翌日は、11月にしてはかなり寒い日であった。その日も散々学校でいじめられて、もう何もかもどうでもよくなっていた私は

「今日死のう」

そう思い、重い足取りで家に帰った。家に帰ると誰もいなかった。シーンと静かな家。ランドセルを自分の部屋に置くと、私は気づいたら台所にいた。包丁を取り出してしばらく包丁をじっと見つめていた。

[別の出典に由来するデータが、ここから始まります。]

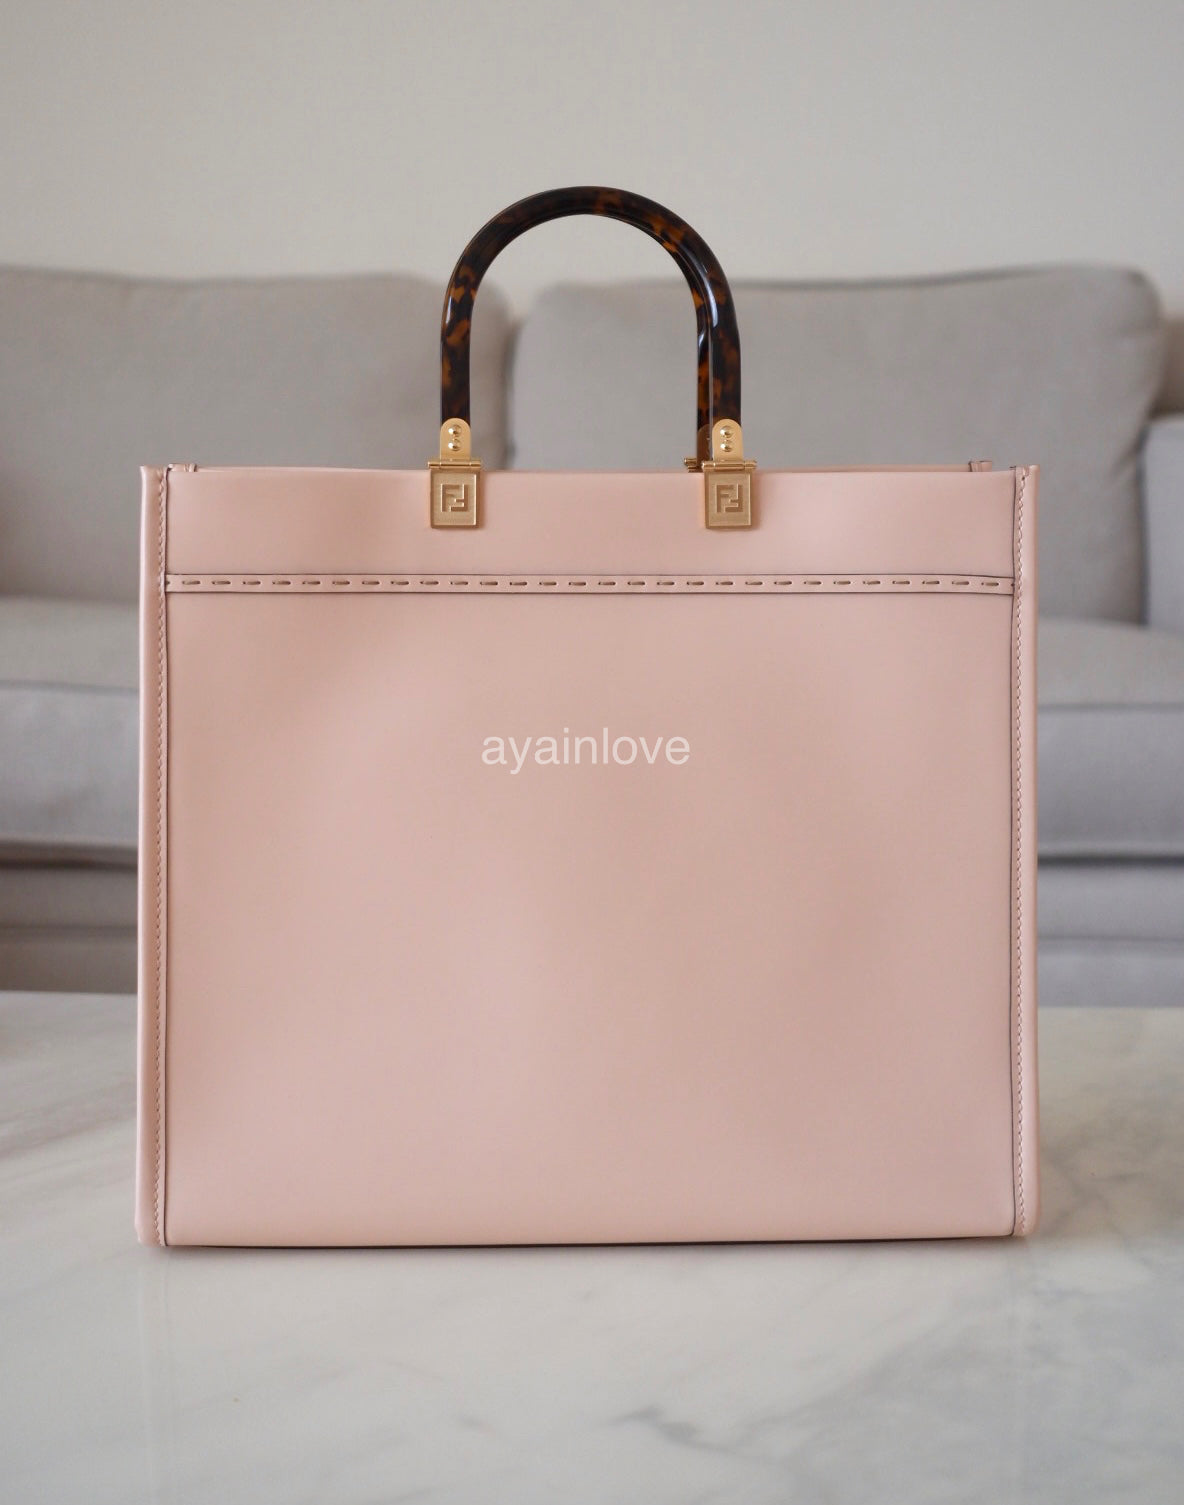 FENDI Sunshine Medium Light Pink Shopper Bag Gold Hardware

「これを腹に突き刺したら楽になれるんやろうなぁ。もうこれで苦しまなくて済む…。もう楽になりたい…。これ以上辛い思いをするのは耐えられない…。」

そう思いながら包丁を右手に持ったまま、包丁の刃先を見つめていた。そして、これまでのいろんな出来事が頭の中を駆け巡っていた。楽しかったことや嬉しかったこと、いろんな思い出が私の頭の中で蘇っては消えていった。そして

「俺が死んだ姿を見たら、家族はなんて思うのかなぁ…。」

家族が悲しむ顔を見るのは辛いが、今死ねば家族が悲しむ顔を見ずにあの世に旅立っていける。死ぬなら今しかない。そして包丁を振り上げて自分の腹に突き刺そうとした瞬間、玄関で何か音がした。母が妹を連れて保育園から帰ってきたのである。私はあわてて包丁を元のところに戻し、何事もなかったかのようにふるまったが、明かにこの時の私は自分がしようとしていたことを必死で隠そうと、激しく動揺していたと思う。今思えば、あともう1分、母が帰ってくるのが遅かったら、今私はこの世に生きていなかったと思う。恐らく母の悲鳴を遠のく意識の中で聞いていたのではないだろうか。この夜、私はまったく眠れなかった。今日自殺しようとしたことや、このまま生き続けると、いじめは続くんだという絶望感、そしてもう何をやってもいじめから逃れられないという虚脱感。そんなものが一気に押し寄せてきた。あのまま私が包丁を突き刺していれば、残された家族はどうなるんだとか、このまま生き続ける限り、あの地獄のような苦しみが続くという思いだとか、生きていて何かいいことがこれからあるのか、いろんな思いが頭の中で駆け巡っていた。そしてそのまま朝を迎えた。また辛い一日が始まる。死に損なった私にとっては、朝と言うのは、希望の朝ではなく、地獄への片道切符のようなものであった。